#### Assigned task
Transcribe the listing exactly; drop the images.

### Raw data ###

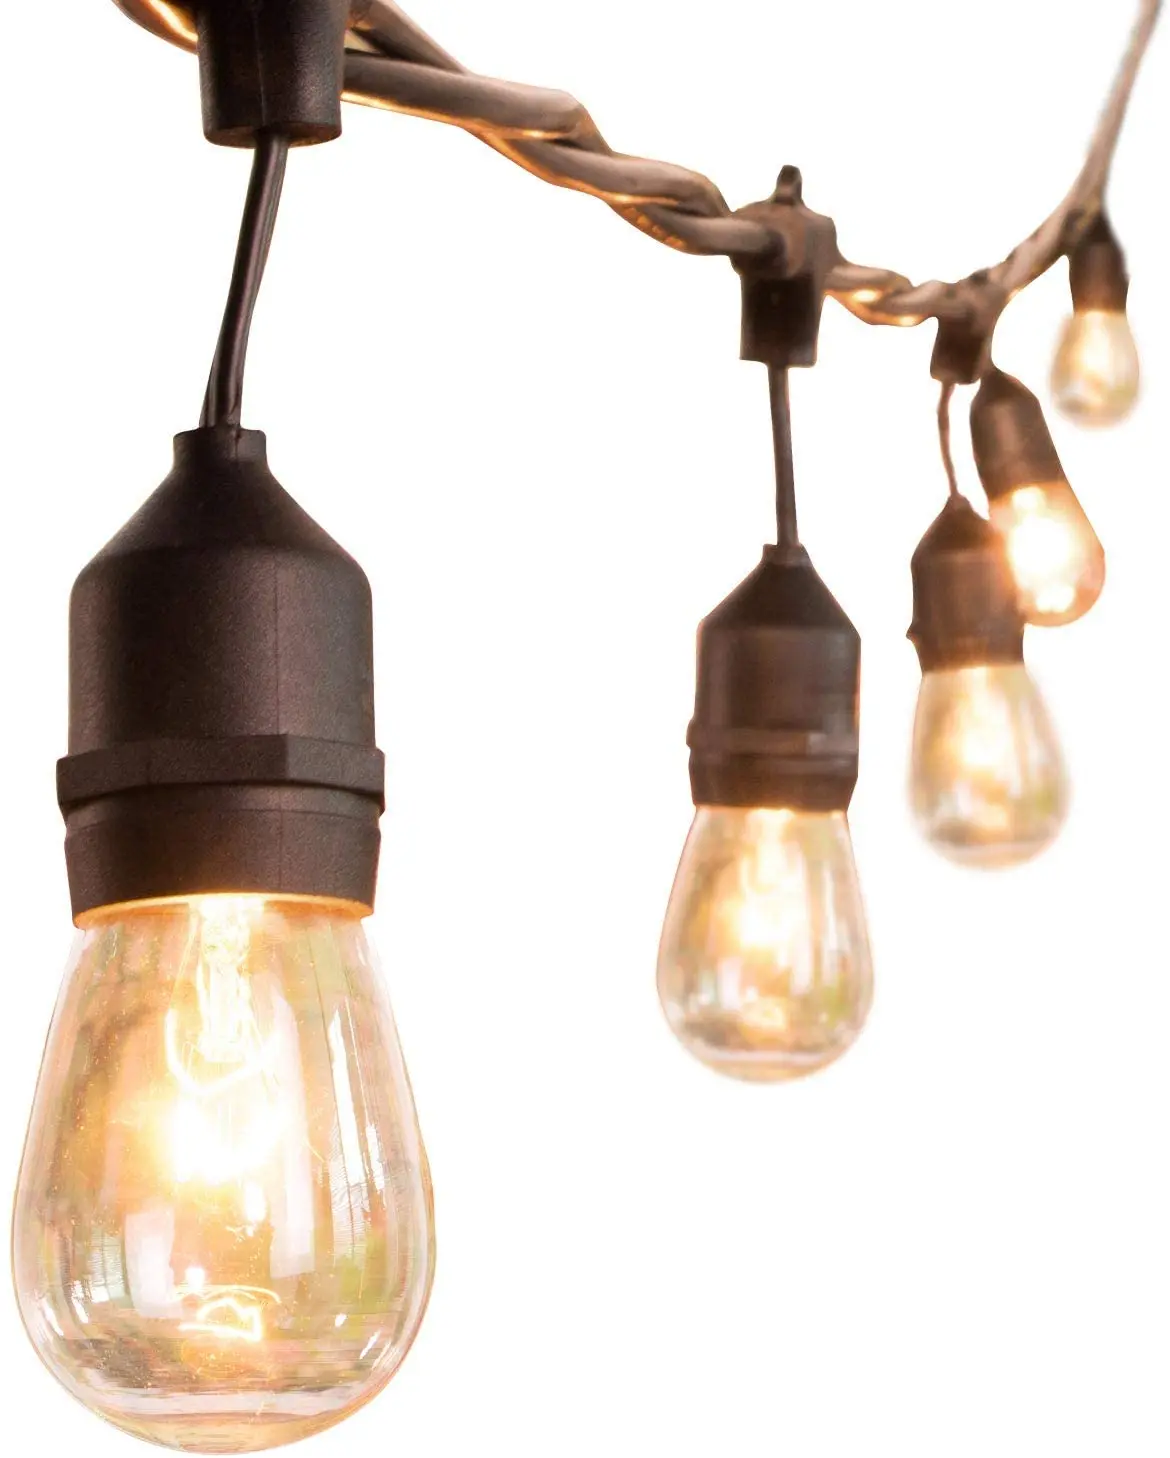 48 FT Outdoor String Light Commercial Grade Weatherproof Strand 16 Edison Vintage Bulbs 15 Hanging Sockets  Heavy-duty
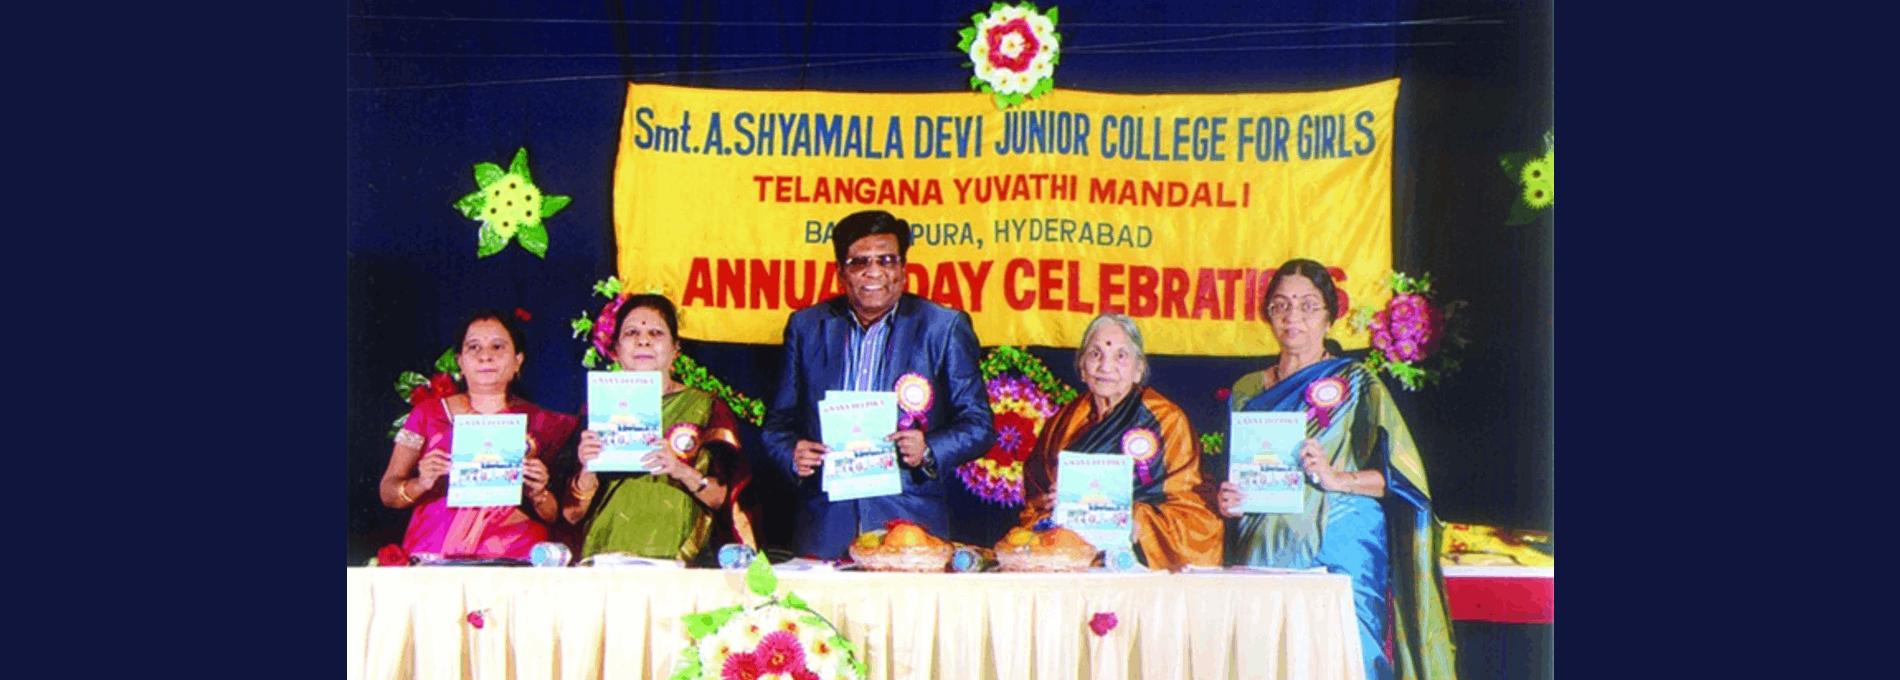 Shyamala Devi Junior College
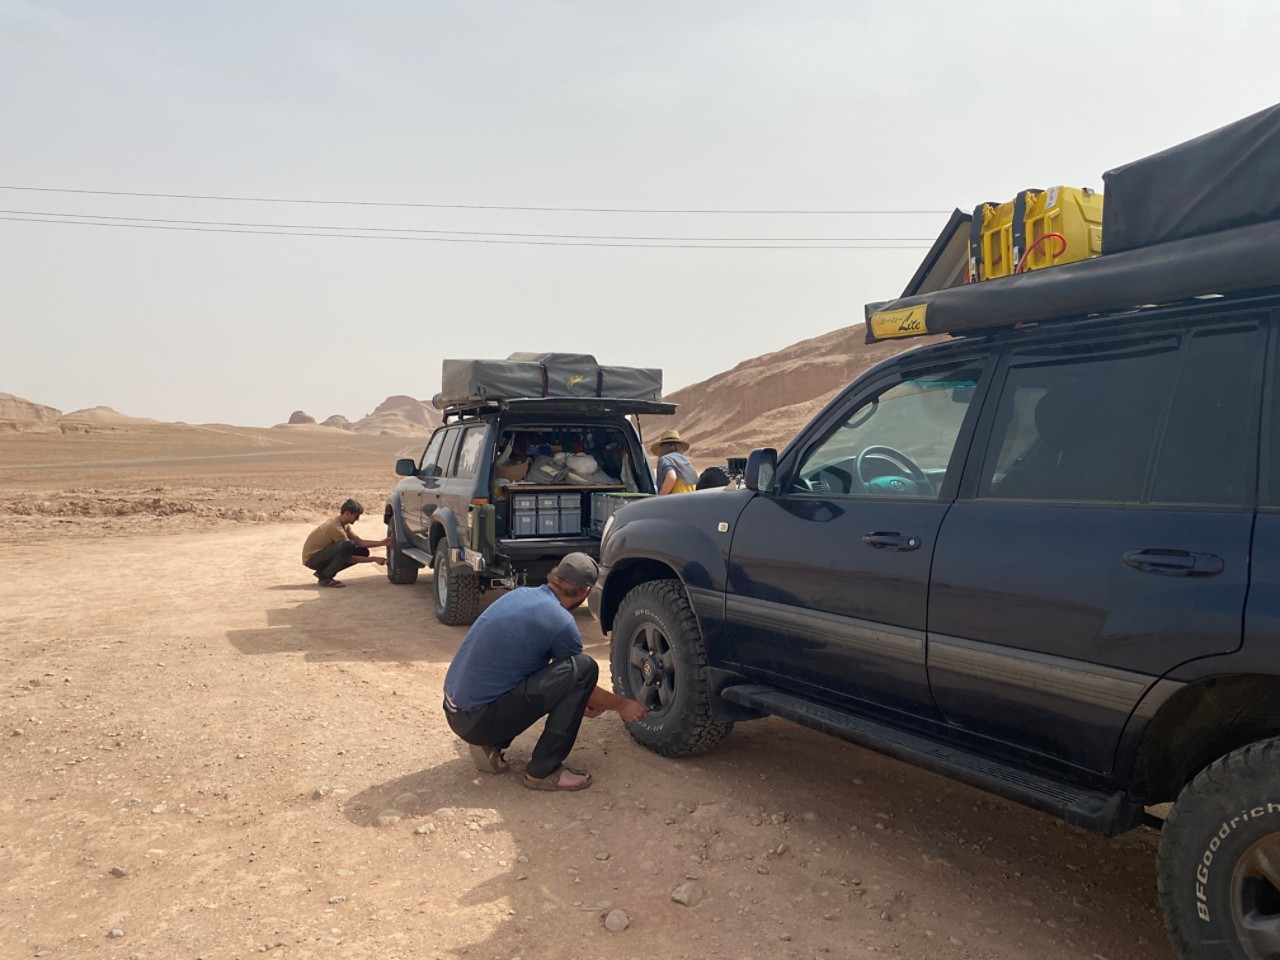 Toyota, Land Cruiser, woestijn, Iran, bandenspanning

###

#### Final answer
 48 FT Outdoor String Light Commercial Grade Weatherproof Strand 16 Edison Vintage Bulbs 15 Hanging Sockets  Heavy-duty
 Shyamala Devi Junior College
 Toyota, Land Cruiser, woestijn, Iran, bandenspanning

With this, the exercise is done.